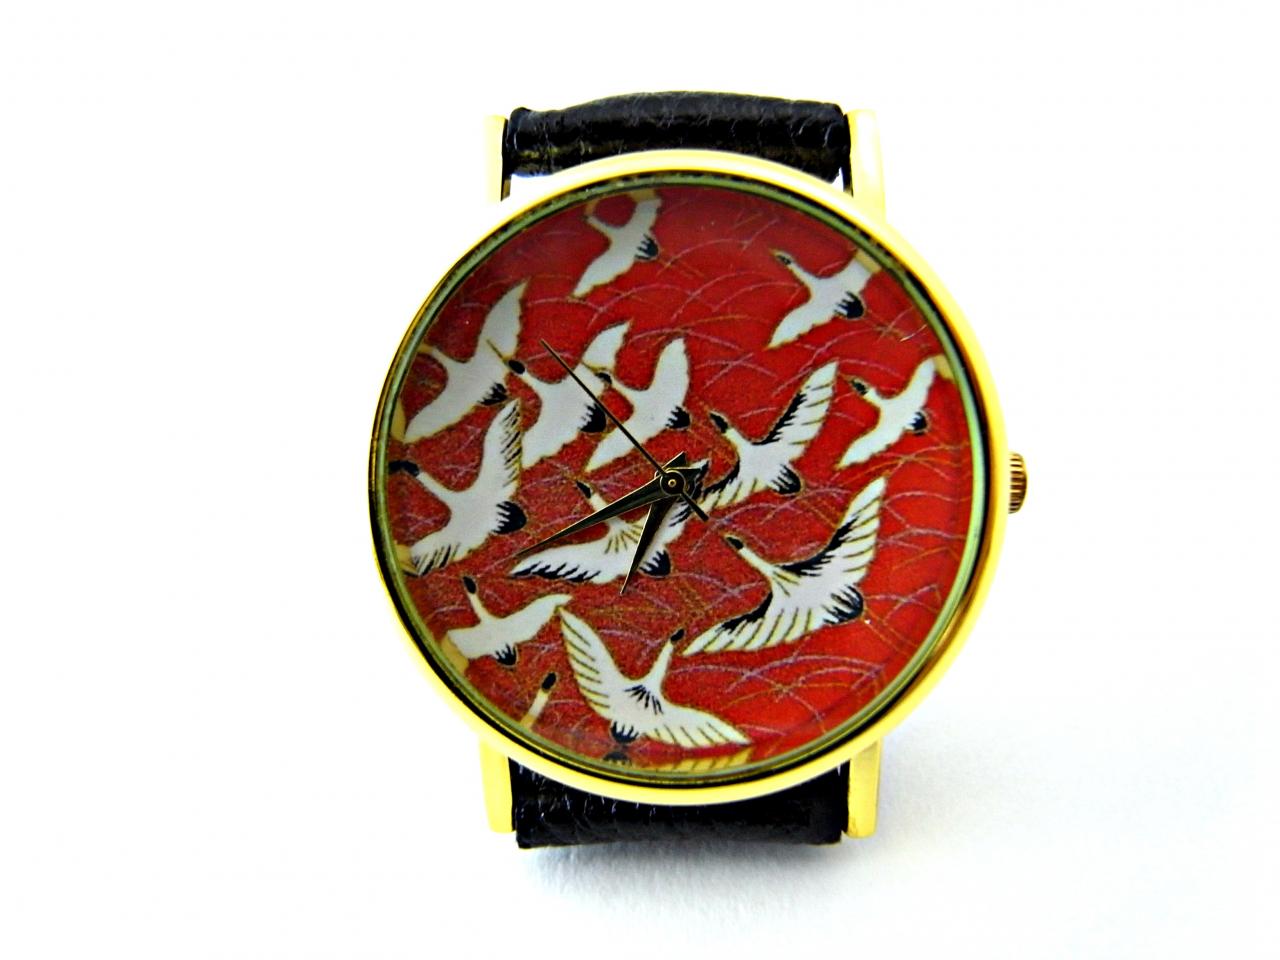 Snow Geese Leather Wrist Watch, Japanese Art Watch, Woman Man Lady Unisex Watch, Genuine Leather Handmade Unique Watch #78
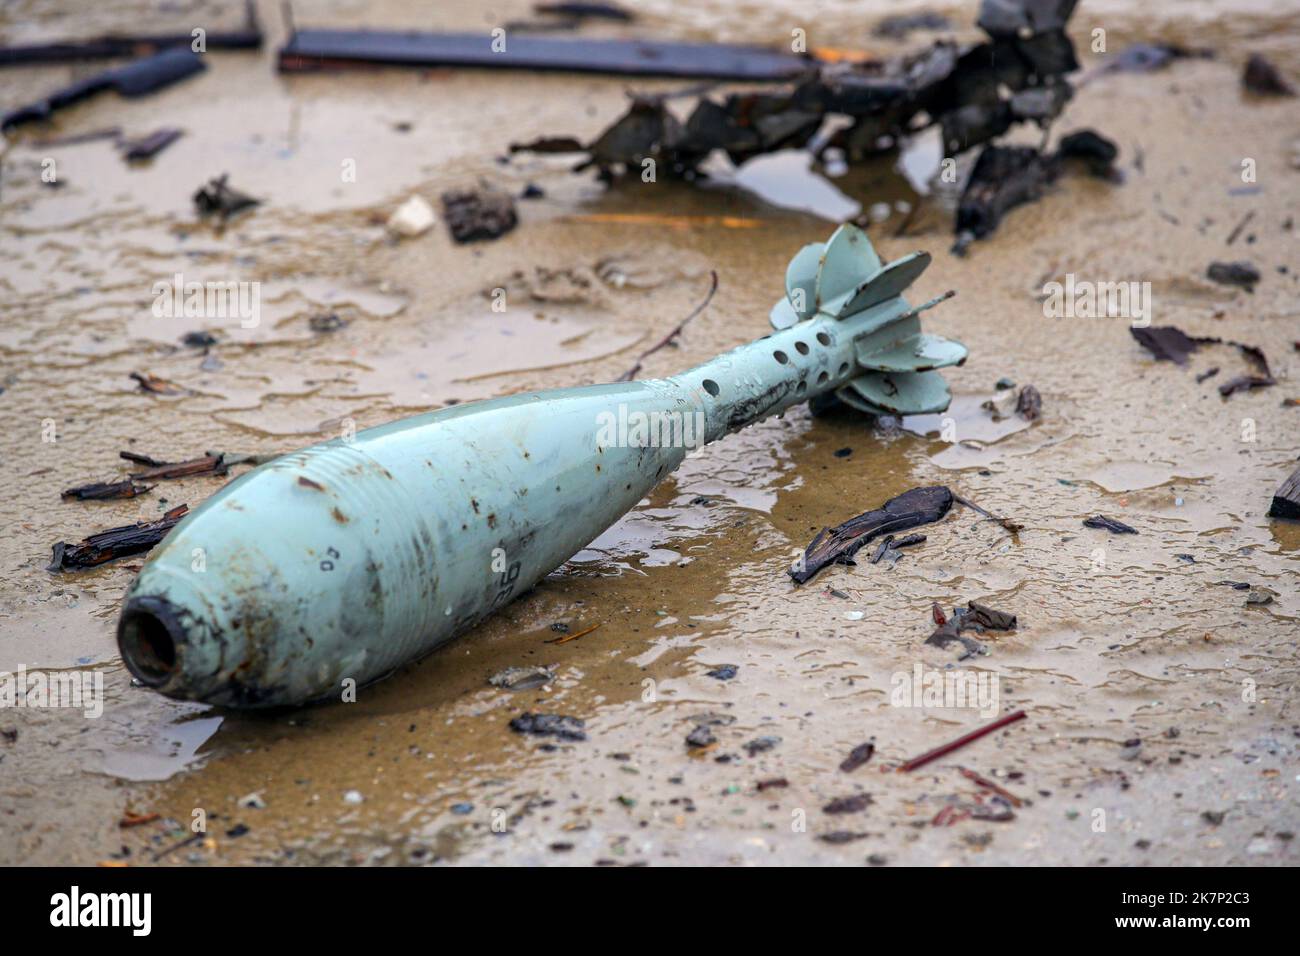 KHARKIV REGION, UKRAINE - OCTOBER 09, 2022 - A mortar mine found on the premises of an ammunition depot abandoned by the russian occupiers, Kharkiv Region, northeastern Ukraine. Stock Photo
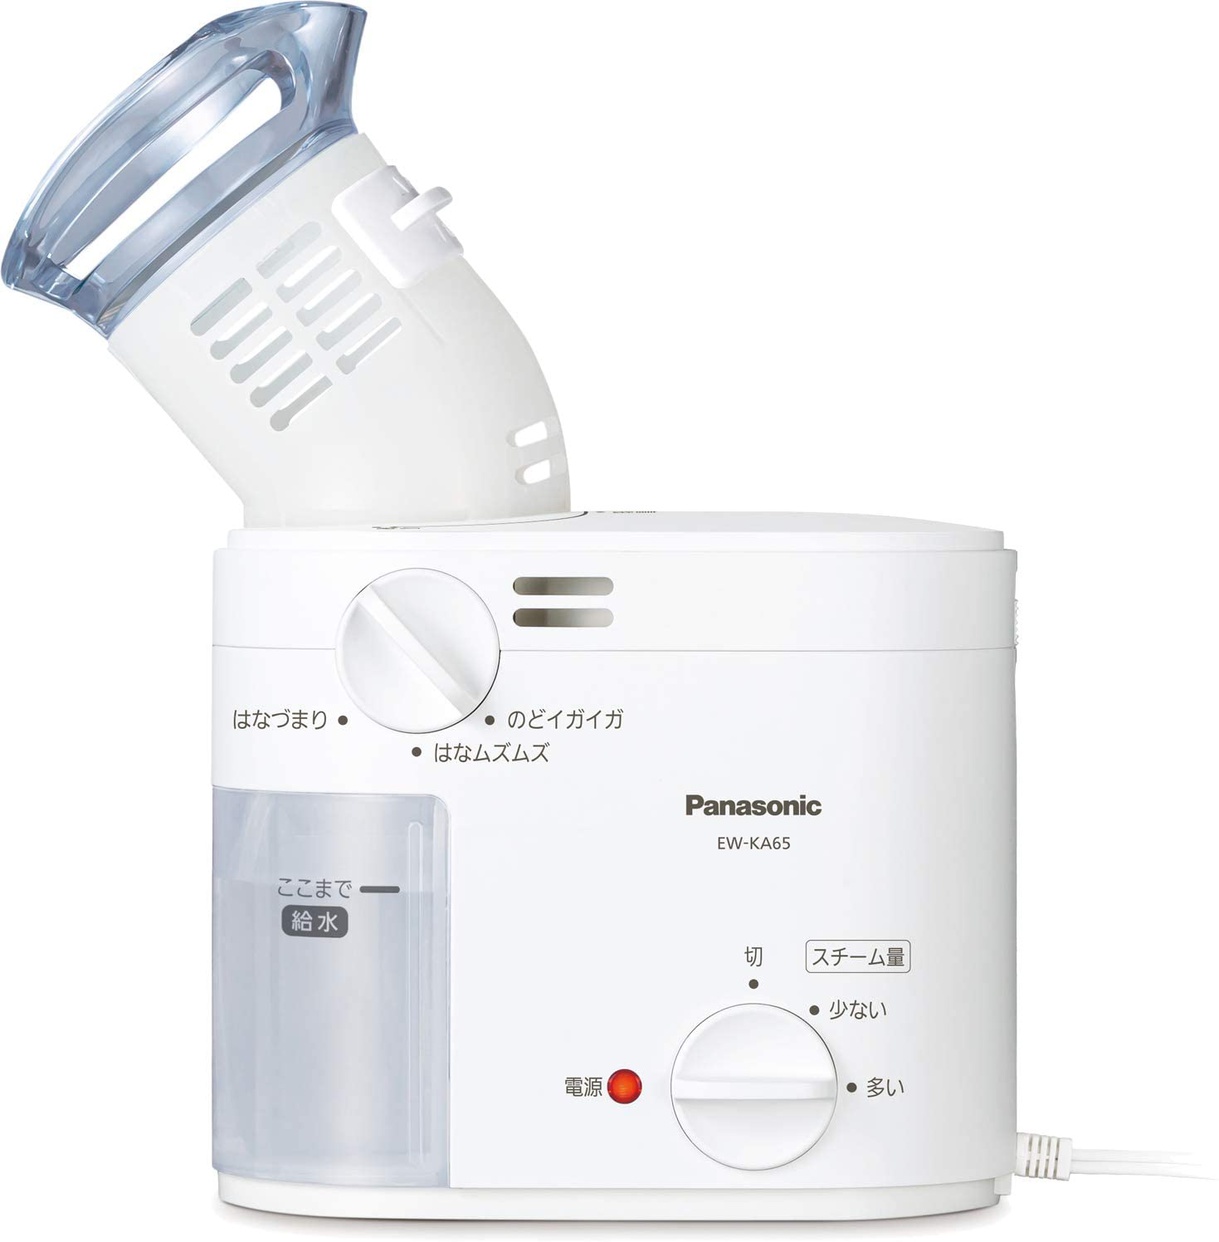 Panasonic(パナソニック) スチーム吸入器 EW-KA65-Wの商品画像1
____
Assignment: Transcribe exactly the line containing "KHARKIV REGION, UKRAINE" and every line after it through the end of the listing above; pictures are not part of the copy.

Exercise answer:
 KHARKIV REGION, UKRAINE - OCTOBER 09, 2022 - A mortar mine found on the premises of an ammunition depot abandoned by the russian occupiers, Kharkiv Region, northeastern Ukraine. Stock Photo
 Panasonic(パナソニック) スチーム吸入器 EW-KA65-Wの商品画像1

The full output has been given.